働き方改革が注目されているが、いまや企業は、社員の「働きがい」をつくる改革に取り組む必要がある。その一つの鍵が、社内コミュニケーションのあり方を見直すことだ。2018年2月27日、この悩みと本音を、来場者とのセッションで共有する「社内コミュニケーション改革セミナー」をベルサール秋葉原で開催。人事担当、経営企画担当や部長・課長などのマネジャー層が多数参加された。

部長・課長のマネジャー層の参加が5割以上
部長・課長のマネジャー層の参加が5割以上

日本企業の職場には「無縁社員」が多い

 セミナーは、株式会社エレクセ・パートナーズ 代表取締役永禮弘之氏による基調講演、「強い会社は“社員が偉い” 社内コミュニケーション危機への処方箋」から始まった。

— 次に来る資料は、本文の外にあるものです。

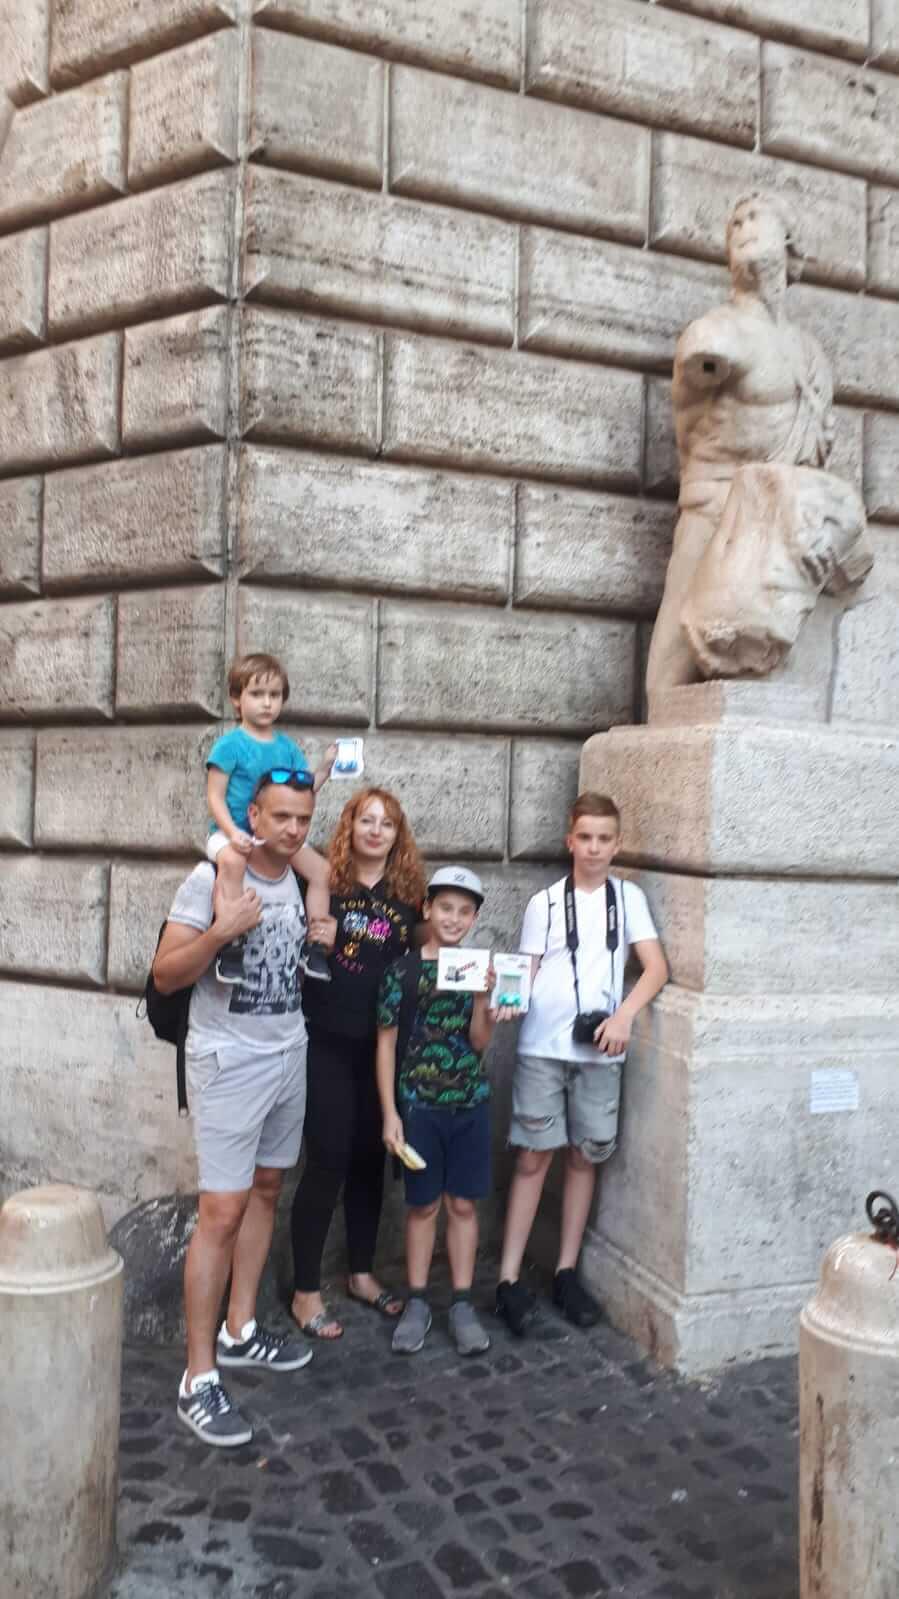 Участники детского квеста в Риме 30.06.2019

 社員と企業のエンゲージメントの高さと企業業績には相関関係があることが明らかになっている。エンゲージメントが高い企業は、社員が仕事に誇りを持ち、企業に貢献しようと行動し、それが業績に直結する。ところが、日本企業社員の仕事の意欲や、組織への貢献意欲は世界で最低水準にある。

 1万5,000人以上の経営者、経営幹部、若手リーダー育成を支援してきた永禮弘之氏は「日本企業の職場には『無縁社員』が多く存在しています。社員の多くは、仕事への誇り、職場でのつながり、会社の未来への希望を失い、心が冷めています」と指摘する。

 社員と企業のエンゲージメントを高めるために必要な要素は3つ。「仕事・仕事への誇り、成長の機会」、「職場・同僚や上司との相互理解、相互尊重」、そして「組織・企業の未来への自信、希望」を持つことだ。これらを組織の中で実現していくには、「上司と部下」の関係のタテのコミュニケーション、そして「組織全体、部署間」というヨコのコミュニケーションを、同時に改革していく必要がある。